Now, fast forward four and half years, in Spring of 2021, living in our dream home, with our four kids, doing our dream work within our third center, and with more than enough food in our fridge… I can say: sometimes the bad things that happen in our lives put us directly on the path to the best things that will ever happen to us. Believe it. Stick to your plan, no matter the hurdles you have to jump over. Stay headstrong, pray when you feel weak, confide in only a few you can trust, and remember the idea of the slingshot effect. It does not feel good during the pullback, but the flight of the launch is worth it.

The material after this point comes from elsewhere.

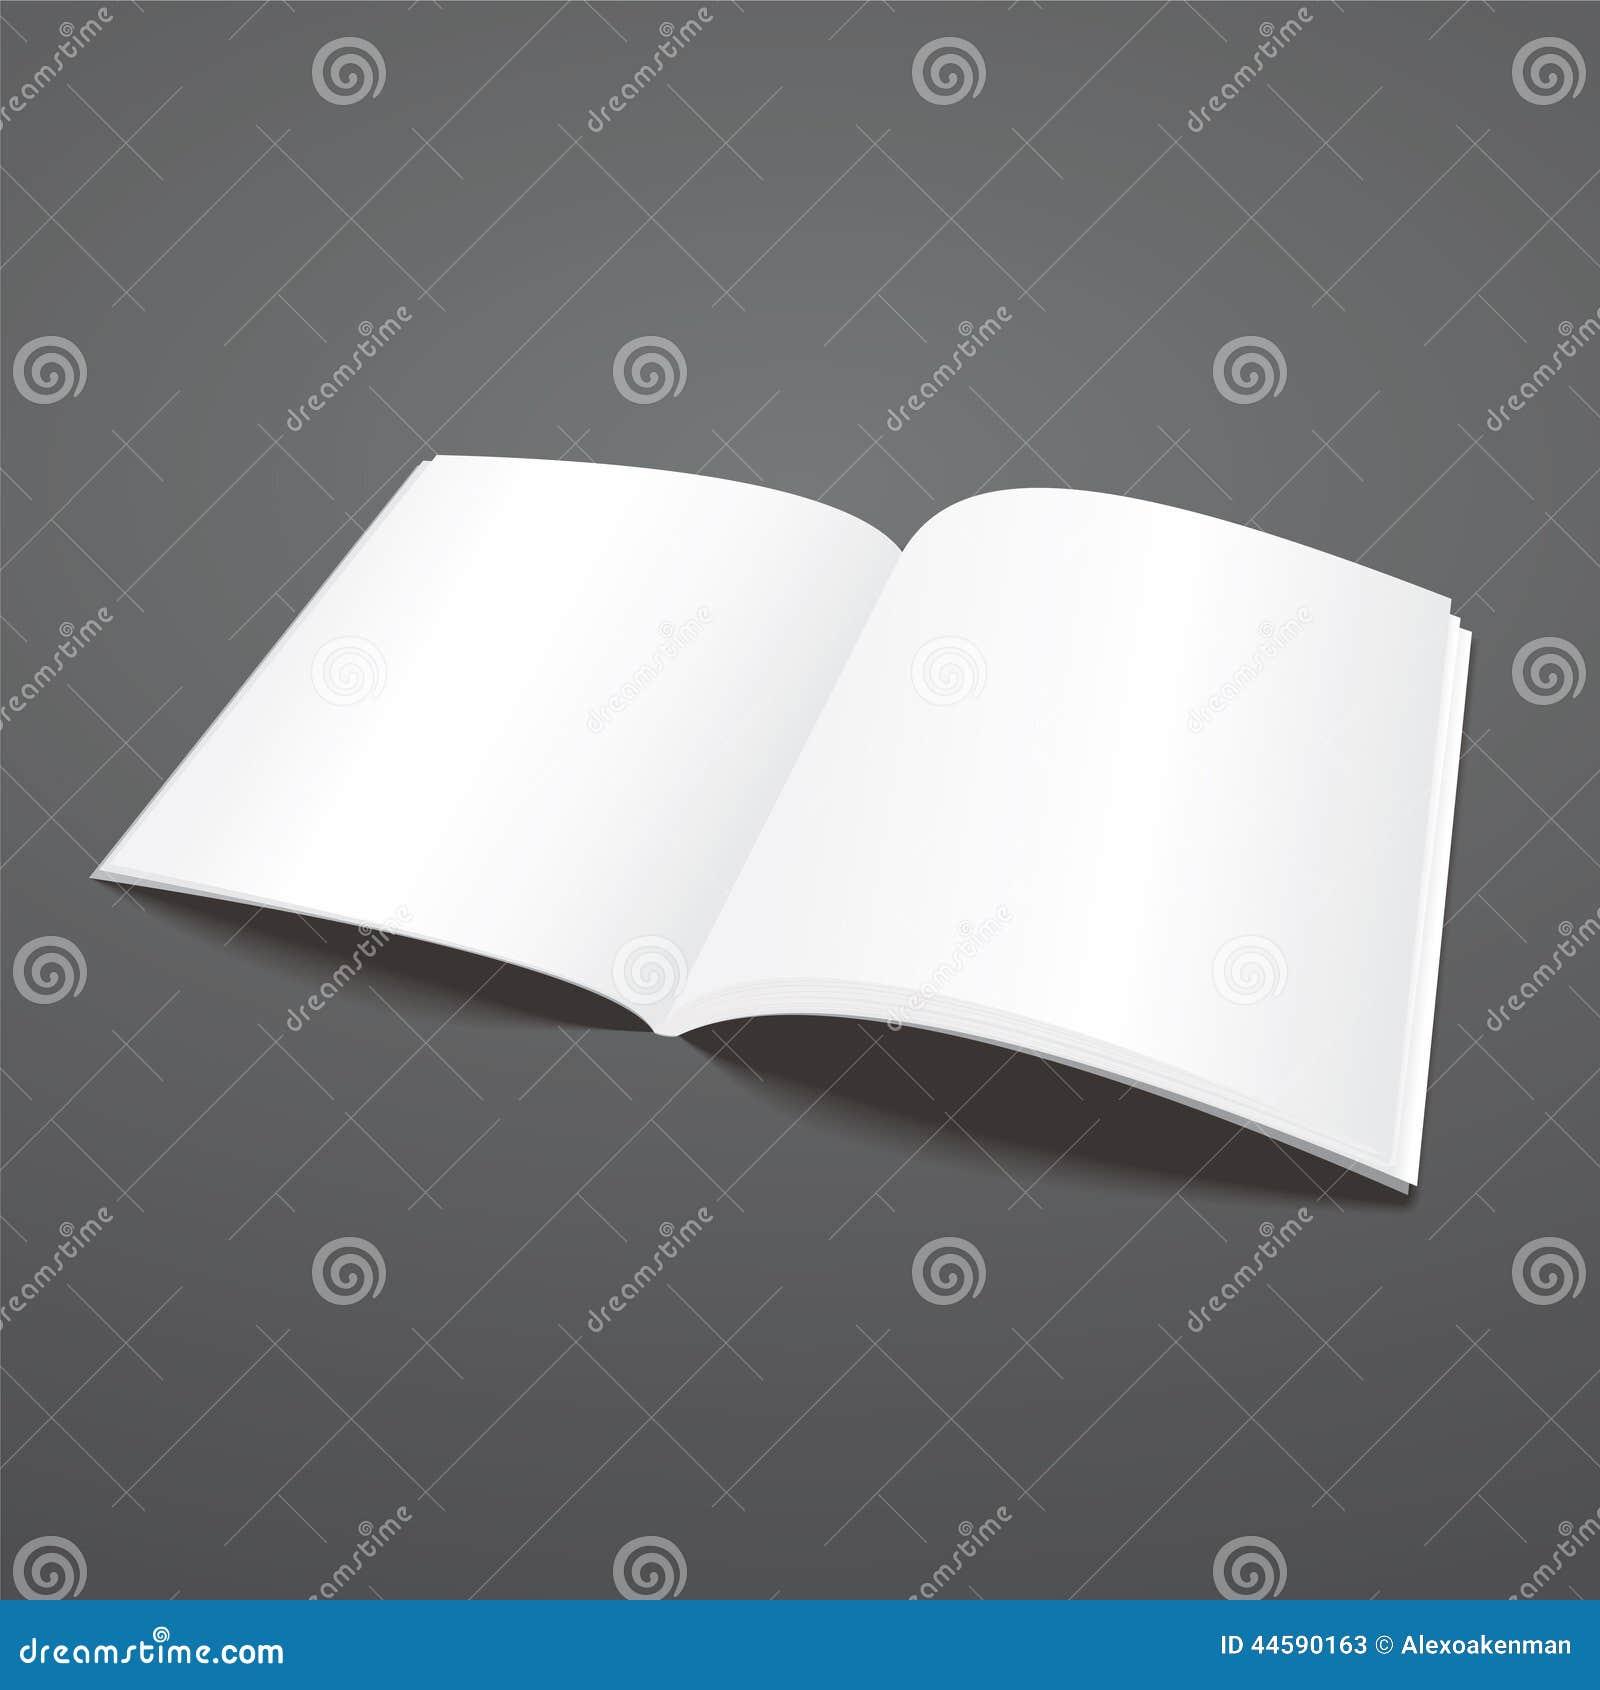 Blank Vector Open Magazine Template Stock Vector - Image ...

Doesn’t it always seem to be the last key on the ring that opens the door? Don’t give up.
– Maria
6 COMMENTS
Kathy Neef
4 years agoAwesome story!
Cindy Hites
4 years agoWhat a great story, I had no idea! Congratulations on your successful career!
Janet Althauser
4 years agoBeautiful for what you have done, not only for your community but mostly for your sweet family. Keep going girl!! You got this!!
Mia
4 years agoAww, this made me tear up. I can remember that day. My heart just broke. I alway say, If there is a will, there is a way. Never stop dreaming babygirl. Love you 💗
Laura Kerber
4 years agoI worked with your mom a LONG time ago at Carle. She was one of my favorites, and through the years I have wondered about what Rocky and Maria are up to…since I always heard so much about you guys. Even though you don’t know me…I always felt like I knew you (not it a creepy way. Lol). As a mama of four who ultimately chose my kids over my career—I love every bit of this! I can only hope to raise my kids as well as your mom raised hers!!
Tonya Miller
4 years agoWhat a great story. I love seeing you and your family pics that you post. Your mom and dad did a wonderful job Raising you all. Mia is one of my besties, always and forever I will love her.
I wish you and your husband the best that life has for you two. Good luck and congratulations.